In conclusion, we have identified a new and important factor in the disease process in T1D, where some of the beta cells (the senescent ones) are actually contributing to the destruction process. This represents a radical change in the way T1D has been understood, where beta cells are just passive victims. We have also proved the concept of using drugs that selectively kill senescent cells as therapeutics for preventing T1D in our mouse model. Although it is unclear whether this approach would work in cases of established T1D, in the future, we envision that we may be able to prevent T1D in people, and provide a therapeutic benefit for new T1D patients using a similar approach.
Update on 7-3-17
I am very grateful for the funds that I have received for this project and I am happy to inform you that I began working on it. Recent studies show that patients with diabetes have a much higher likelihood of depression than the general population, and young people with T1D had 11 times the suicide rate. Our goal is to identify genetic signatures in white blood cells that distinguish non-progressor T1D patients and T1D patients that do progress to depression. We have found that several neuronal proteins that are known to be important for brain function show abnormal expression in beta cells from T1D compared to non-diabetic donors. Even though it has been well recognized that abnormal expression or autoantibodies to proteins such as GAD and IA2 are separately associated with risk of T1D OR mental disorders, there are no studies looking for the signature of these genes as a predictor of co-occurrence of mental disorders AND T1D.

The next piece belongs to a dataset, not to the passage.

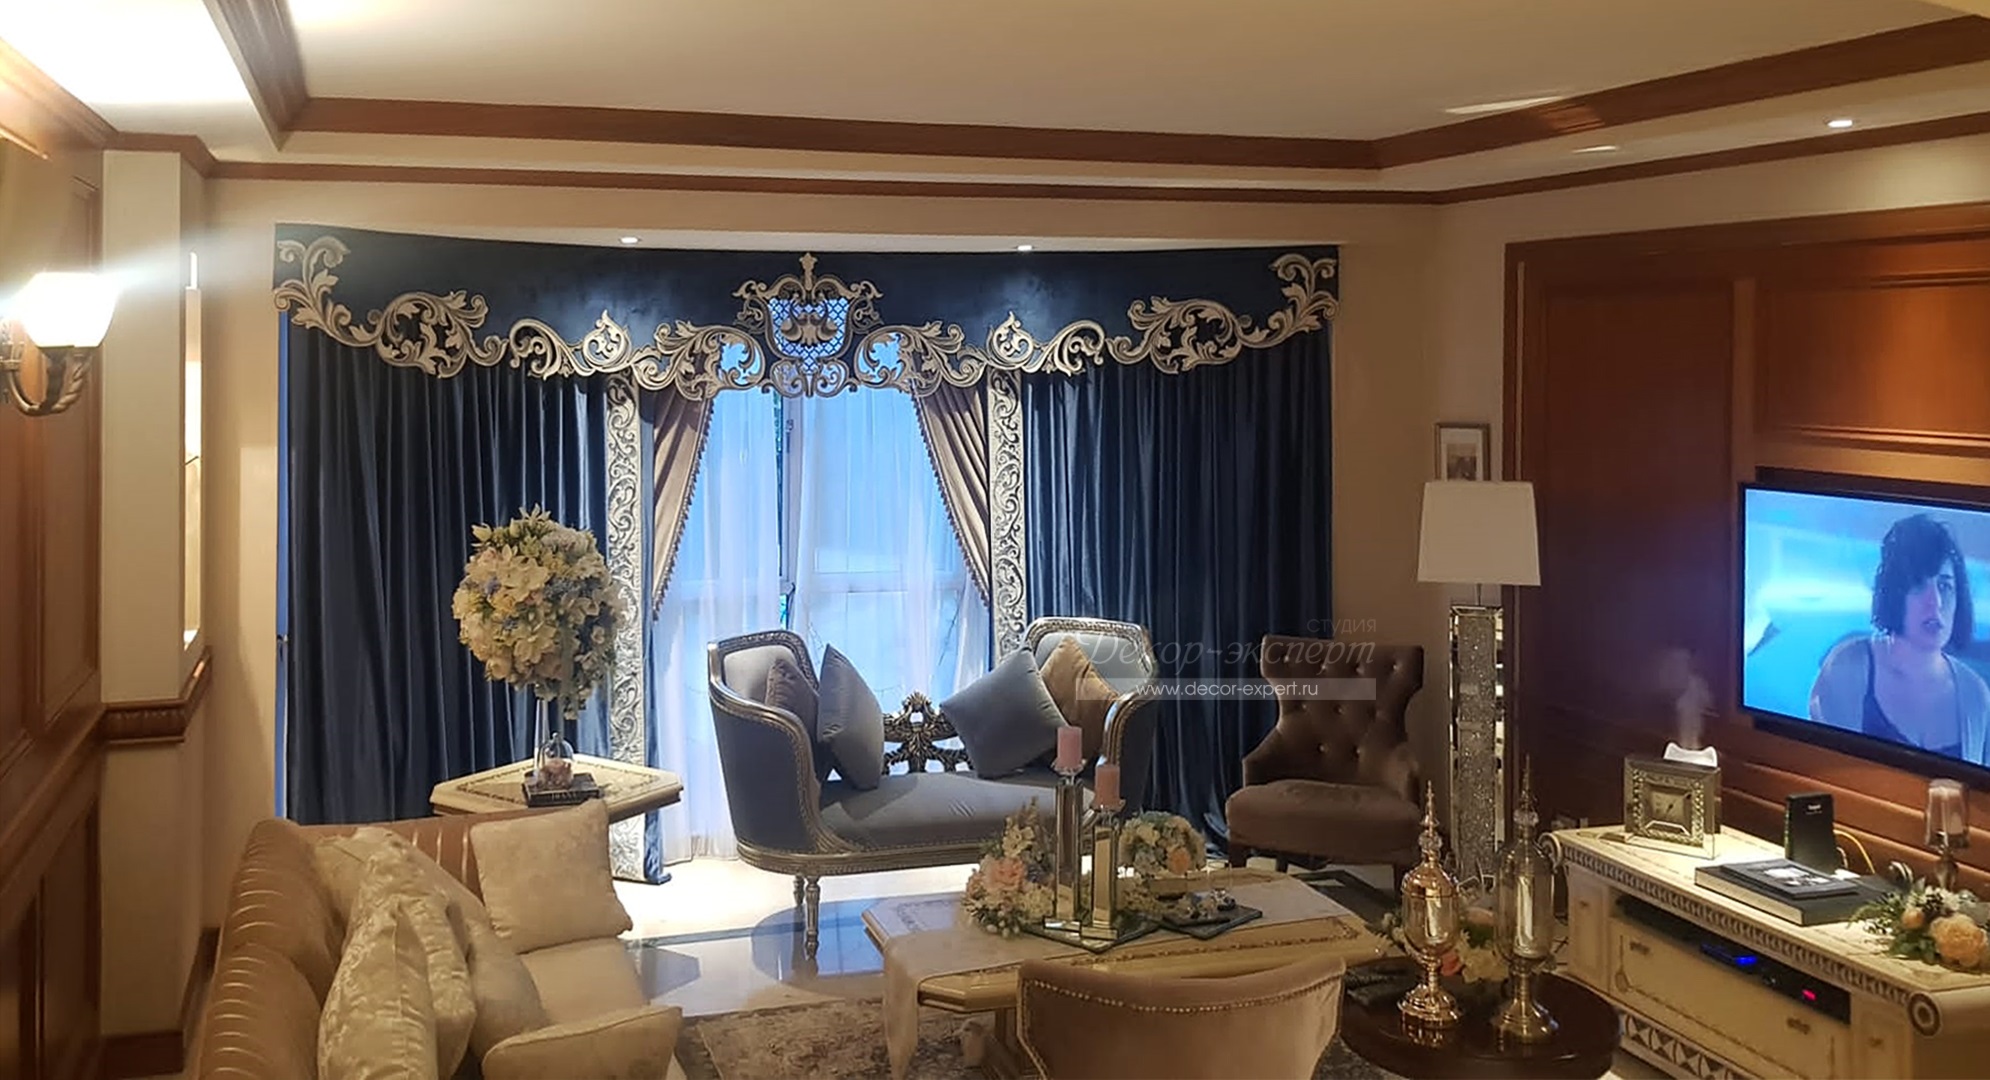 Общий вид комплекта бархатных штор с бордюром и ажурного ламбрекена Сингапур с отделкой  шнурами, стразами и бусинами в интерьере гостиной заказчика.

In this project, I will be isolating RNA from the blood samples of matched healthy and T1D patients with and without depression. RNAseq will be performed to reveal genetic signature in this unbiased search for changes in gene expression that are shared between depression and T1D. Any identified targets will be verified by qPCR to validate the results. We are hoping to identify markers in the blood that can be used to screen T1D patients for their likelihood to progress to depression. This will allow a better intervention in the at-risk population to prevent comorbidity of depression and T1D.